Hayatının büyük bir kısmını savaş sonrası Polonyaya yerleşen komünist rejim altında baskı ve sansürün getirdiği acıları duyumsayarak yaşadı.
Kariyerine belgesel filmler çekerek başladı ve ilk uzun metraj filmini,“Blizna”, 1976 yılında çekti.
İlk filmlerinde politik boyutlar taşıyan sosyal gerçeklikler üzerine yoğunlaştı ise de rejimin getirdiği baskı ile kendine bir nevi oto sansür uygulayarak alışılageldik tarzına; şans, kader, kimlik, karakterler arasındaki içsel bağlantılar gibi temalarla işlenen ve metafizik öğeler de taşıyan, gelişi güzel paradoksların, elde edilen ikinci şansların, ölümün, paralel evrenlerin dünyasını keşfe çıkan filmlerine yöneldi.
Krzysztof Kieslowski’nin filmleri 1985 yılında çekilen “No End” filmi ile iki periyoda ayrılır; “No End” öncesi ve sonrası.

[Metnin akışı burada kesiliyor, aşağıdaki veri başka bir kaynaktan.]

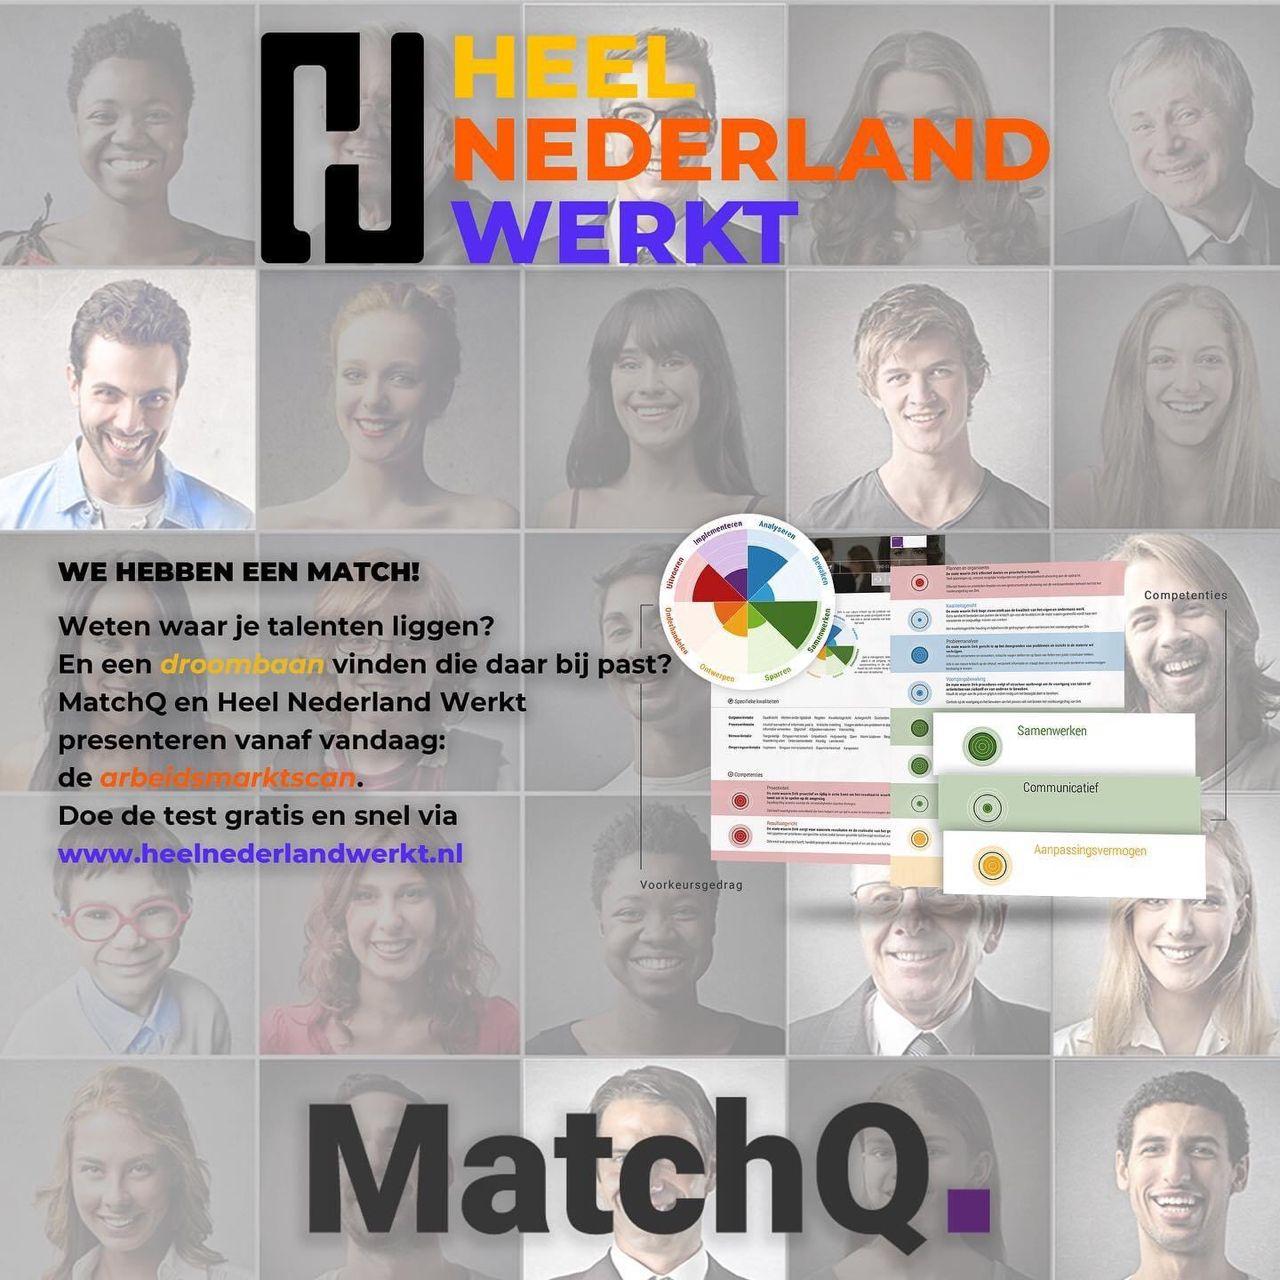 Heel Nederland Werkt en MatchQ Arbeidsmarktscan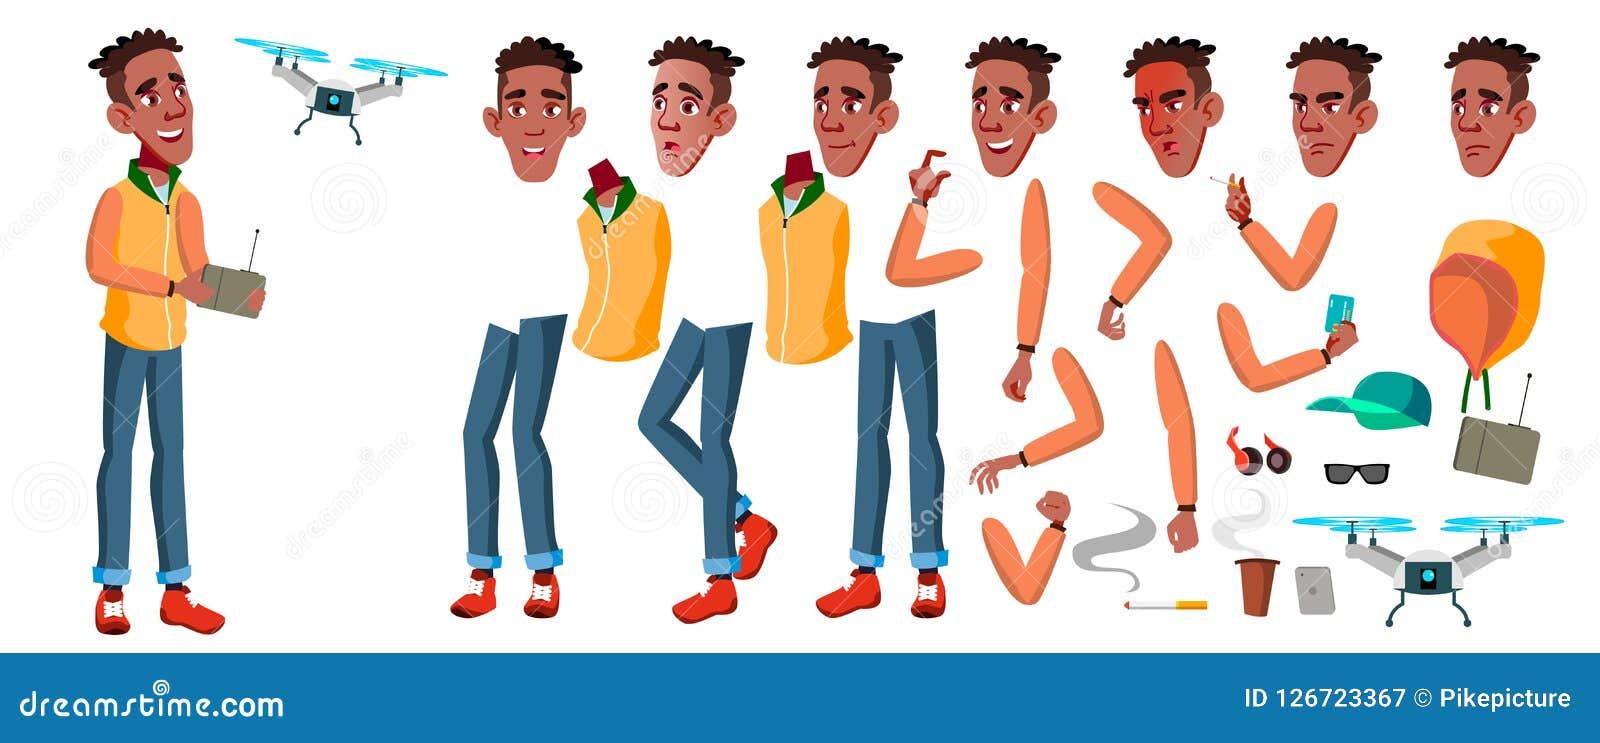 青少年的男孩传染媒介 动画创作集合 投反对票 美国黑人 面孔情感,姿态 成人人员 偶然 茴香酒

1985 yılından itibaren senaryo yazarı Krzysztof Piesiewicz (önceleri bir avukat, sonraları bir politikacı) ve besteci Zbigniew Preisner ile çalışmaya başlar.
Bu iş birliği Kieslowski’nin tüm kariyeri boyunca devam eder. Kieslowski’nin doğasından gelen etkileyici metafizik soneleri bu dönemde artık olağanüstü başarılı ses ve renk senfonilerine dönüşür ve ilginç bir şekilde tüm filmlerinde (“The Dekalog” hariç) bir kadın protagonist yer alır.
Ünlü yapıtları “Three Colors: Üç renk” üçlemesine gelindiğinde kırılgan yapılı yönetmen içinde bulunduğu sinema ortamının getirdiği stres ve büyük bir adanmışlıkla yürüttüğü yağun çalışma temposu ile hayli yorgun düşmüş ve yıpranmıştır ama kapasitesini zorlayarak deli gibi çalışmaya devam eder.
“Üç renk – Beyaz” (1994) filmini çekerken “Üç Renk: Mavi” (1993) filminin kurgusunu yapmakta ve “Üç Renk – Kırmızı” (1994) filminin senaryosunu yazmaktadır.
“Kırmızı” filmi Cannes Film Festivalinde prömiyerini yaparkan emekli olmak istediğini ve Cennet, Cehennem ve Araf (“Cennet” 2002 yılında Tom Tykwer tarafından yönetildi, başrolde Cate Blanchett yer aldı) hakkında yeni bir üçlemeye başlayacağını söyler.
Yönetmen o sırada 52 yaşındadır.
54 yaşında açık kalp ameliyatı sırasında genç sayılacak bir yaşta yaşama veda eder.
Kieslowski mezun olduğu Lódz Film okuluna ancak üçüncü başvurusunda kabul edilmişti.
Biraz da bu yüzden olsa gerek sinema okullarını pek yüceltmez; “Sinema okulları size sürekli film izletir, İzlediğiniz filmler hakkında konuşursunuz, analiz yaparsınız, Birbirleri ile karşılaştırırsınız o kadar. Lodz film okulunda da diğerleri gibi sinema tarihi, estetik, fotoğrafçılık, oyuncu yönetimi vs gibi disiplinler aşama aşama öğretilir. Tabii ki bu öğretilenler hep teoride kalır. Pratikte bunların bir filme nasıl uygulanacağı ise sizin kişisel deneyimlerinize kalır” der.